Introduction

Epicardial adipose tissue (EAT) is metabolically active [1] and interacts with the neighboring left atrial (LA) myocardium through secretion of adipo-cytokines and reactive oxidative species [2]. LA EAT and LA myocardial remodeling are closely linked to each other and represent anatomic substrates of atrial fibrillation (AF) [3, 4].

Non-invasive imaging with cardiac CT allows EAT characterization by measurement of the mean x-ray attenuation in Hounsfield units (HU) [5]. A lower EAT attenuation has been associated with structural [6] and electrical LA remodeling [7] and AF recurrence [8]. A lower EAT attenuation in CT may be explained by EAT adipocyte hypertrophy with larger lipid droplets, reflecting an unfavorable metabolic EAT activity [5]. This is fostered by ex vivo histology analysis showing a positive association of EAT adipocyte diameter with the degree of EAT fibrotic remodeling and body mass index (BMI) in AF patients [9]. Conversely, some other studies found a higher EAT attenuation in patients with AF recurrence when measured on contrast-enhanced cardiac CT scans, as an indicator of EAT inflammation [10]. All those observations may be explained by an increasing LA EAT heterogeneity with co-existence of EAT adipocyte hypertrophy, inflammation, and fibrosis. In addition, the measured CT EAT attenuation values are dependent on patient ethnicity, sex, and BMI [11], as well as different threshold values used for EAT segmentation, with lower threshold values ranging between − 195 and − 190 HU and upper threshold values ranging between − 45 and − 15 HU [10, 12, 13].

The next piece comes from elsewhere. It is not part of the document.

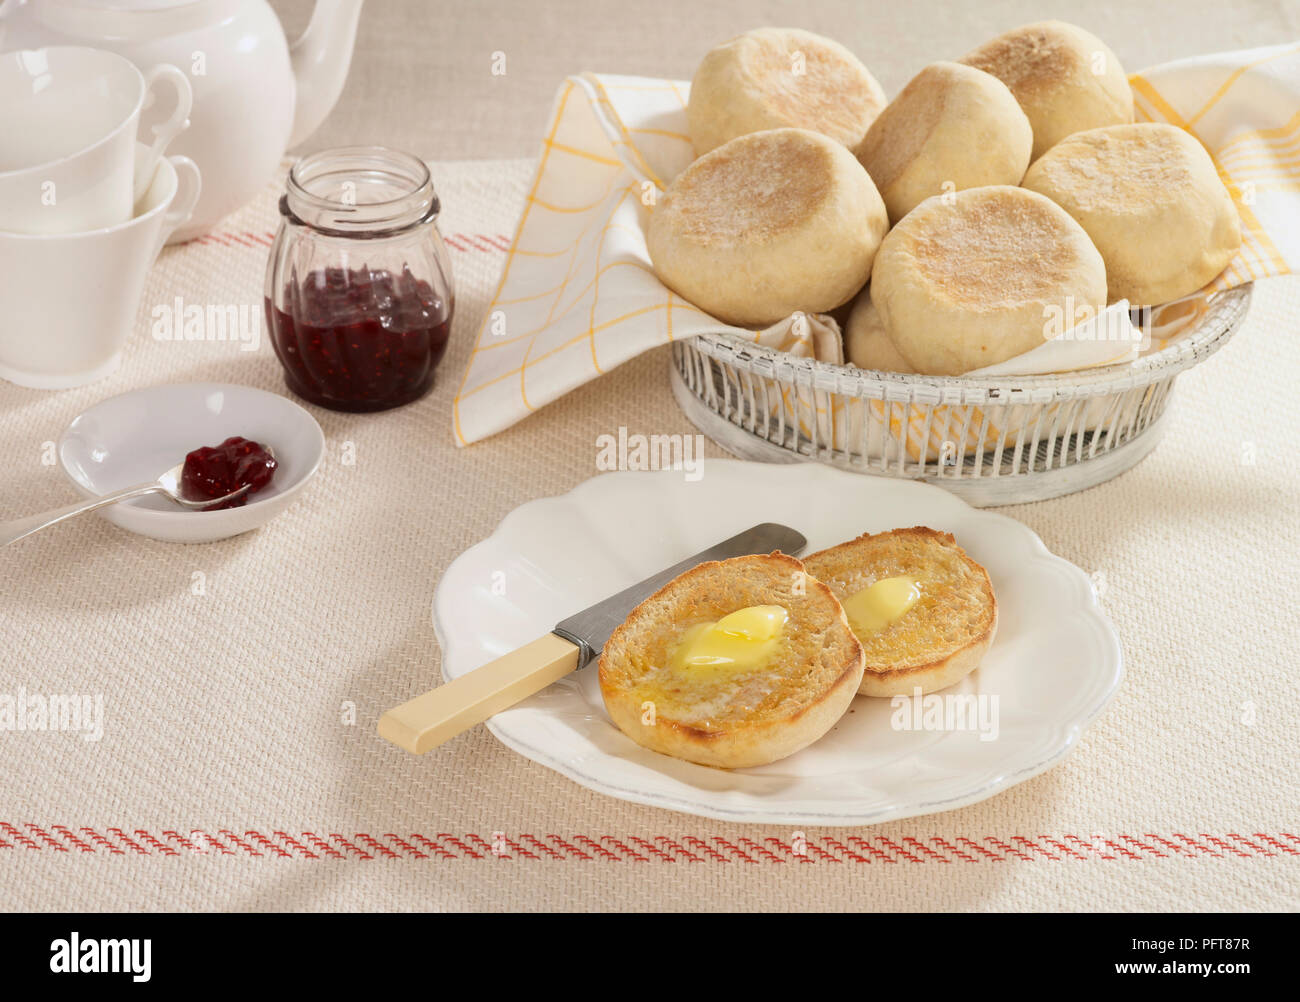 Muffin inglese servita su piastra in fusione con burro e marmellata e nel carrello Foto Stock

Based on previously published threshold values, a low threshold EAT compartment may be segmented between − 45 and − 195 HU [10, 12]. However, based on other investigations, a higher threshold of − 15 HU may be appropriate, especially when investigating contrast-enhanced CT scans [13, 14]. Instead of calculating mean EAT attenuation in the total EAT compartment, EAT attenuation may be calculated separately in two adjacent high (− 15 to − 45 HU) and low (− 45 to − 195 HU) threshold EAT compartments. EAT dispersion may then be calculated as the difference of attenuation between the high and low threshold EAT and represents a potential non-invasive imaging surrogate of EAT heterogeneity. We hypothesized that a larger EAT dispersion reflects co-existing adipocyte hypertrophy, inflammation, and fibrosis during EAT remodeling and is associated with an adverse outcome in AF patients. The aim of this study was to investigate the association of LA EAT dispersion with AF phenotype and with AF recurrence after pulmonary vein isolation (PVI).

Methods

Study population

This was a secondary analysis of prospectively collected data [14]. Consecutive patients undergoing a first AF ablation by means of pulmonary vein isolation (PVI) with a pre-procedural CT scan at the Inselspital, Bern University Hospital, Bern, Switzerland, were prospectively enrolled into an institutional registry. The registry was approved by the Bern cantonal ethics committee and the study was carried out in accordance with the principles of the Declaration of Helsinki. The authors had full access to and take full responsibility for the integrity of the data.

For the purpose of the present analysis, the following patients were excluded: those declining consent, patients without pre-procedural CT scan, those with supplemental ablations in the left atrium in addition to pulmonary vein isolation (PVI), and patients with a history of any previous LA procedure.

Baseline evaluation

All patients underwent pre-procedural clinical evaluation including detailed medical history and standard blood tests. Paroxysmal AF was defined as AF that terminates spontaneously or with intervention within 7 days of onset. Persistent AF was defined as AF that continuously sustained beyond 7 days [15]. Transthoracic echocardiography was performed at baseline prior to the procedure according to the guidelines from the American Society of Echocardiography [16] to assess left ventricular ejection fraction (LVEF) and LA diameter in the parasternal long axis.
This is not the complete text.